Pennsylvania Railroad
Juvenile court corruption
In 2004, responding to concerns about the unusually high rate and cost of juvenile incarceration in Luzerne County, Pennsylvania, Judge Mark A. Ciavarella Jr. told the Wilkes-Barre Times Leader, "I'm not in the business to determine whether placement rates are up or down. I'm in the business of trying to help these kids."
For a tidy profit, that is. In January, Ciavarella and Michael T. Conahan, president judge of the Luzerne County Court of Common Pleas between 2002 and 2007, admitted receiving $2.6 million from the operators of two juvenile detention facilities and conspiring to hide the money from the Internal Revenue Service. Under their plea agreement, each will serve seven years in federal prison.

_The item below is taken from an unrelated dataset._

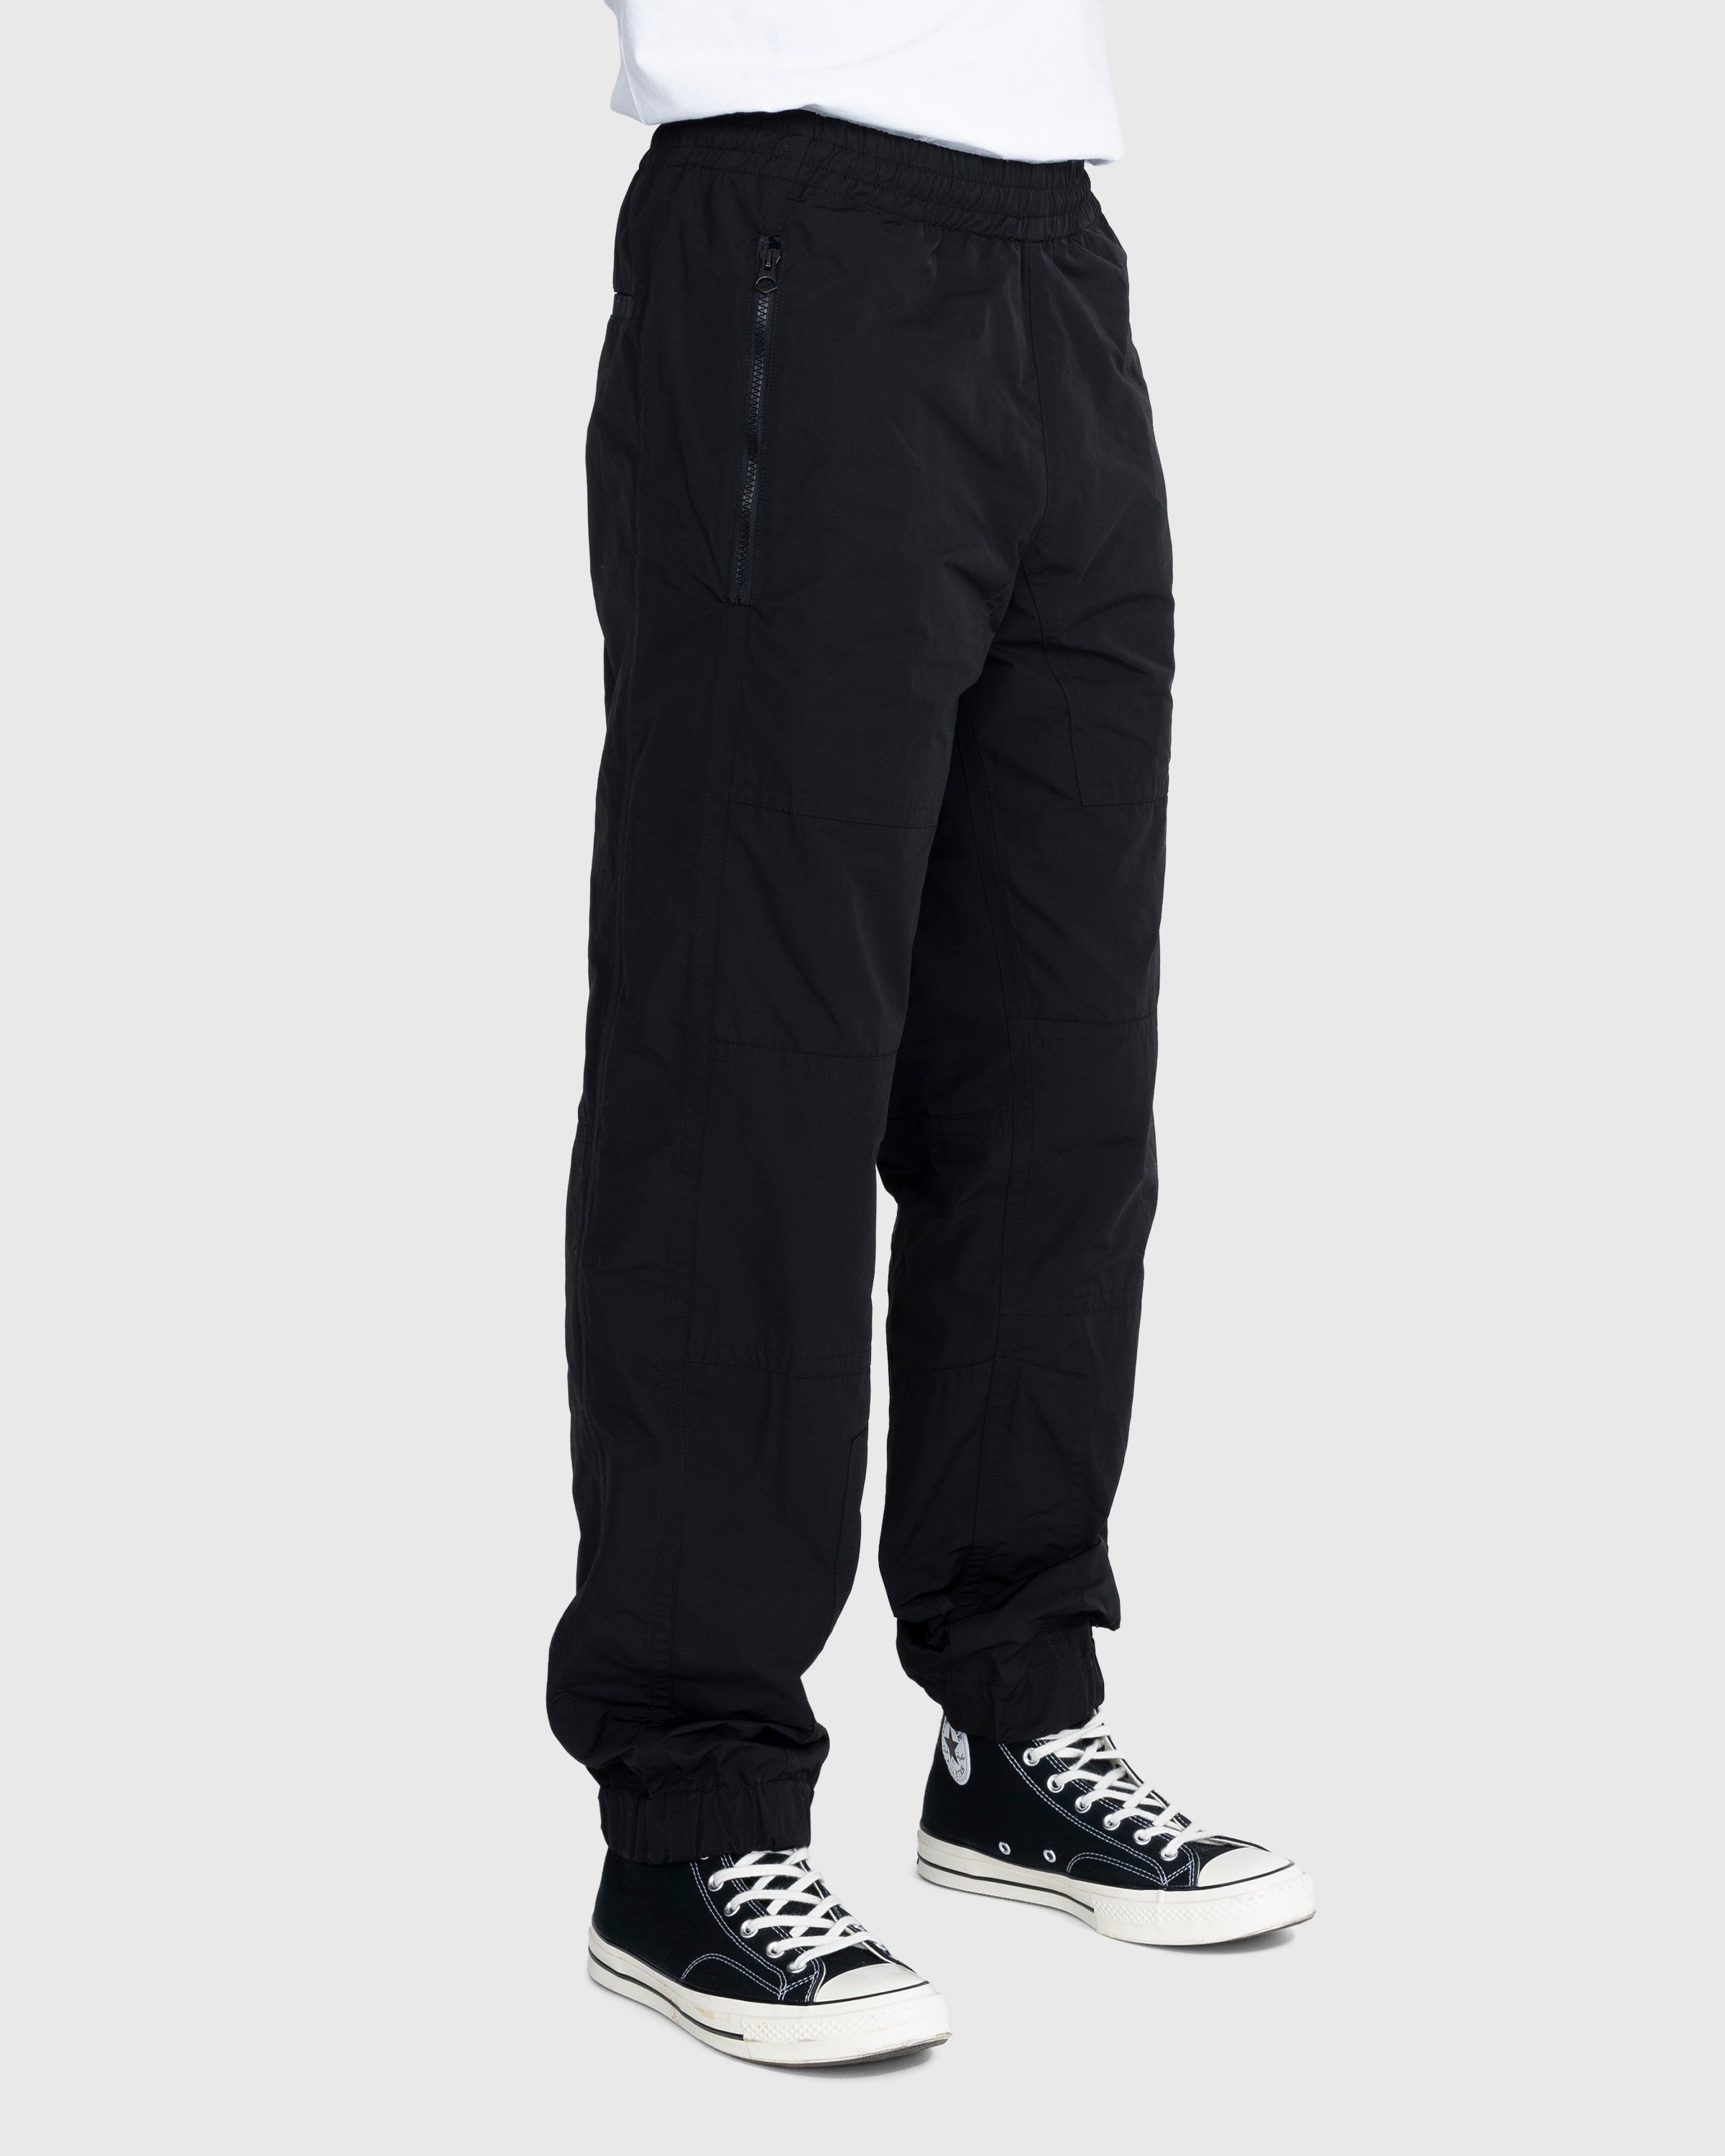 Dries van Noten - Peatt Pants - Clothing - Black - Image 3

In 2000, federal prosecutors say, Ciavarella helped a local lawyer, identified by The Times Leader as Robert Powell, build a juvenile detention facility. Two years later, Conahan signed an agreement with Powell's company, PA Child Care, to house juvenile offenders; later that year, he shut down the county-operated juvenile detention facility. The two judges received nearly $1 million for their efforts, and the arrangement worked out so well that in 2005 Powell and his partner, Greg Zappala, opened a second detention center in western Pennsylvania. Prosecutors say Ciavarella and Conahan collected another $1.6 million from the jailers during the next few years.

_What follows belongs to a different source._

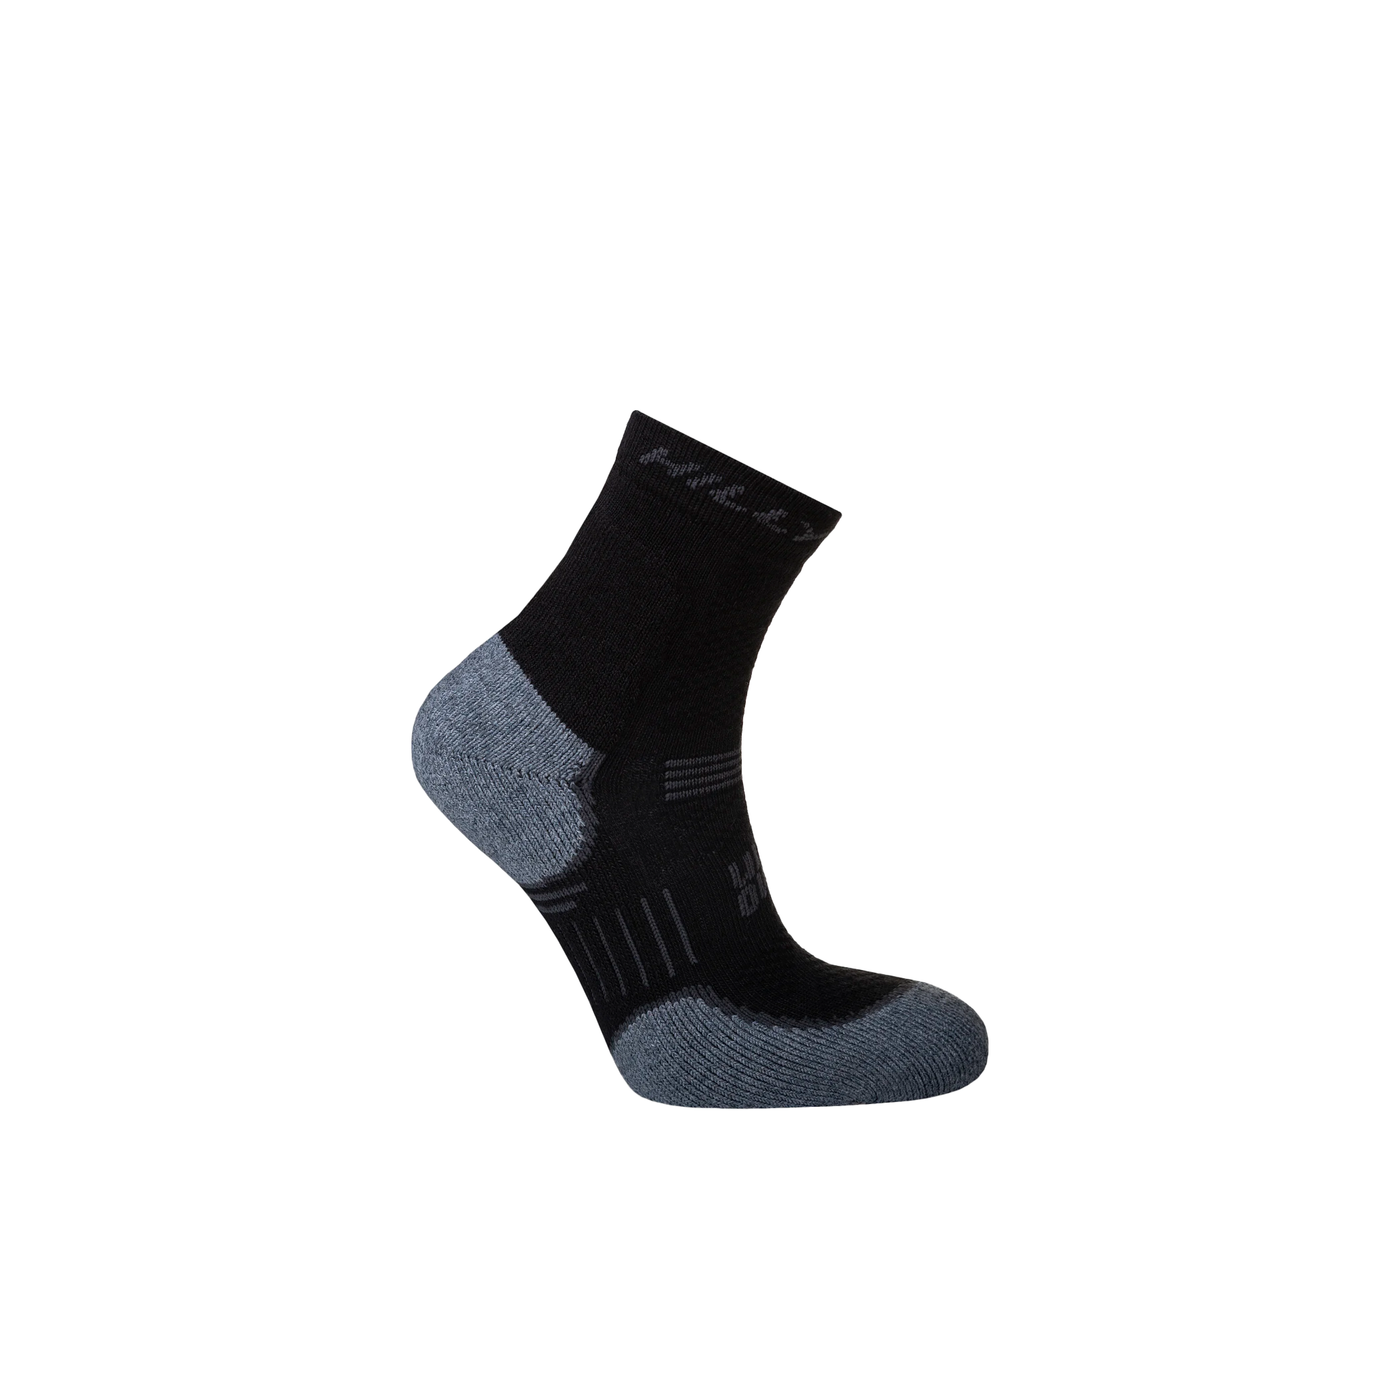 Hilly Supreme Anklet Max - Black/Grey Marl

Meanwhile, Ciavarella, the judge in charge of the Luzerne County Juvenile Court, was keeping the detention centers full. According to the Philadelphia-based Juvenile Law Center, Ciavarella routinely prevented defendants from being represented by counsel and locked up minor offenders even when the juvenile probation officer recommended otherwise. The judge jailed a 16-year-old girl for a week and then sent her to a boot camp for "an indefinite period" because of a prank note in school that was interpreted as "terroristic threats." A 17-yearold boy charged with possessing drug paraphernalia served a total of five months in a PA Child Care facility.

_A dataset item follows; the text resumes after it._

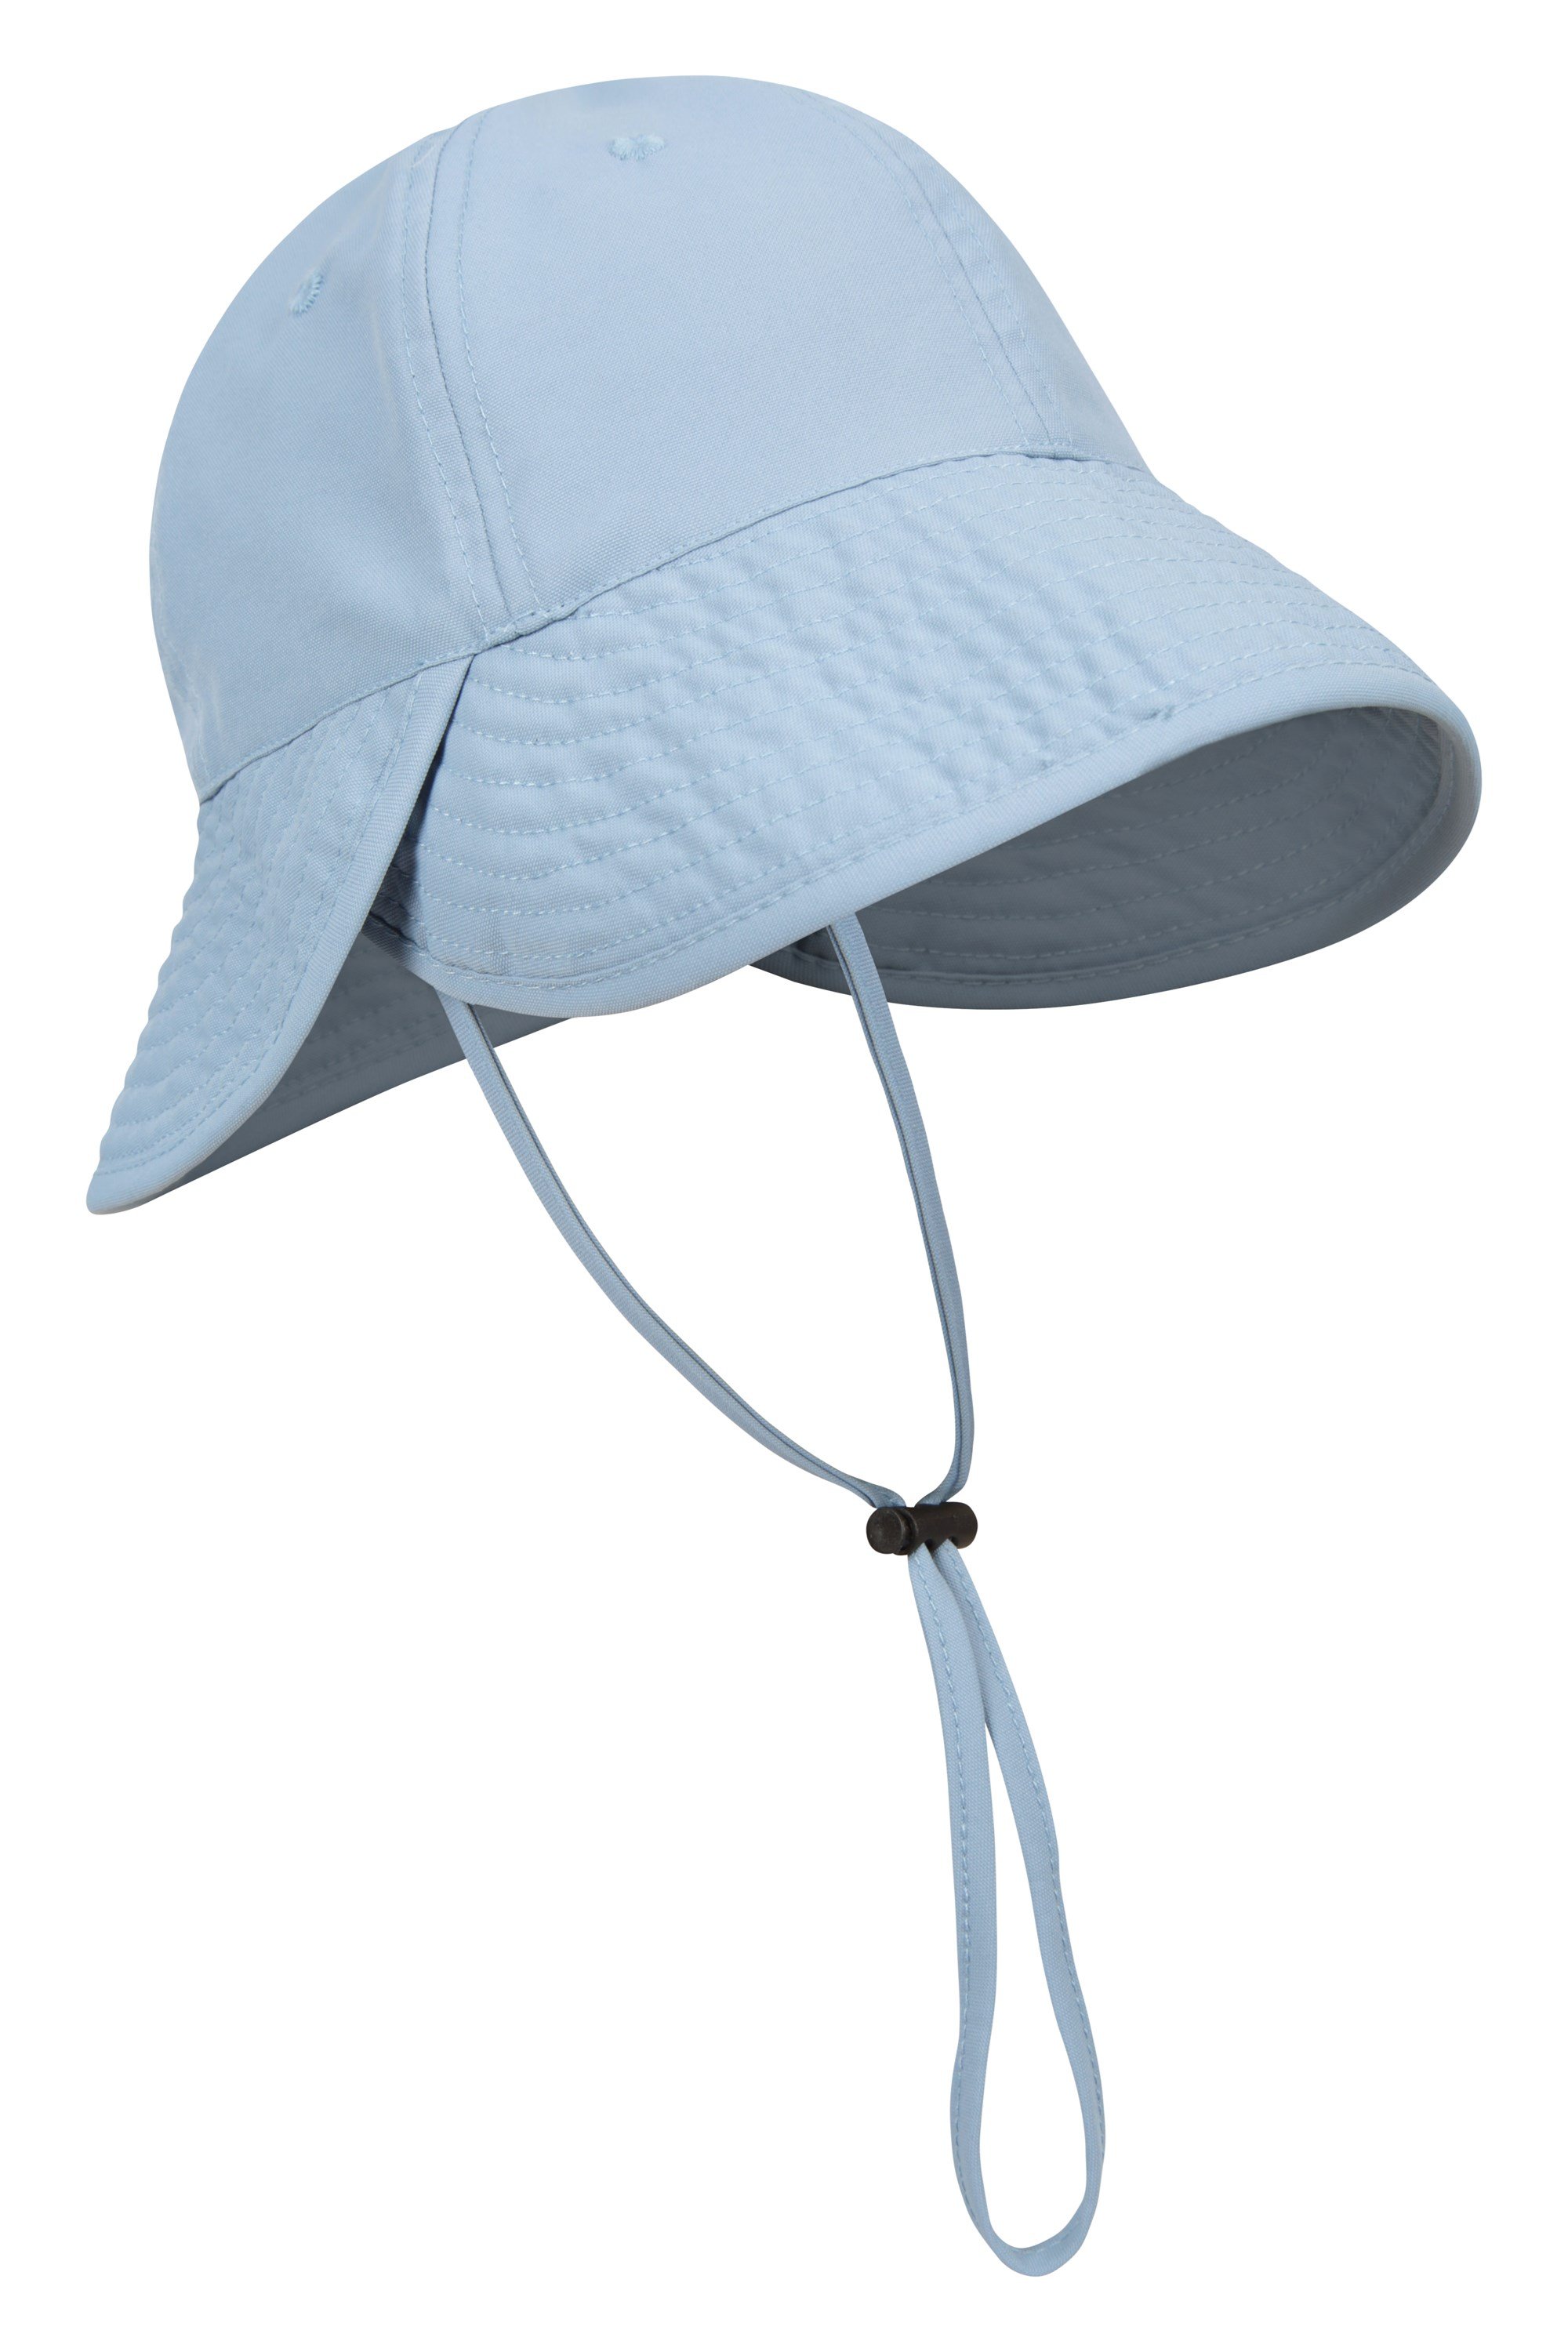 Albany damski kapelusz przeciwsłoneczny - Blue

After Ciavarella and Conahan were arrested and pleaded guilty, the Pennsylvania Supreme Court agreed to consider whether hundreds of juvenile defendants had been improperly sentenced to detention. Last summer Powell, amid rumors of a federal investigation, announced that he was selling his interest in the detention facilities to his partner. "I am very proud," he said, "of the company and the hundreds of kids' lives I have helped change for the positive."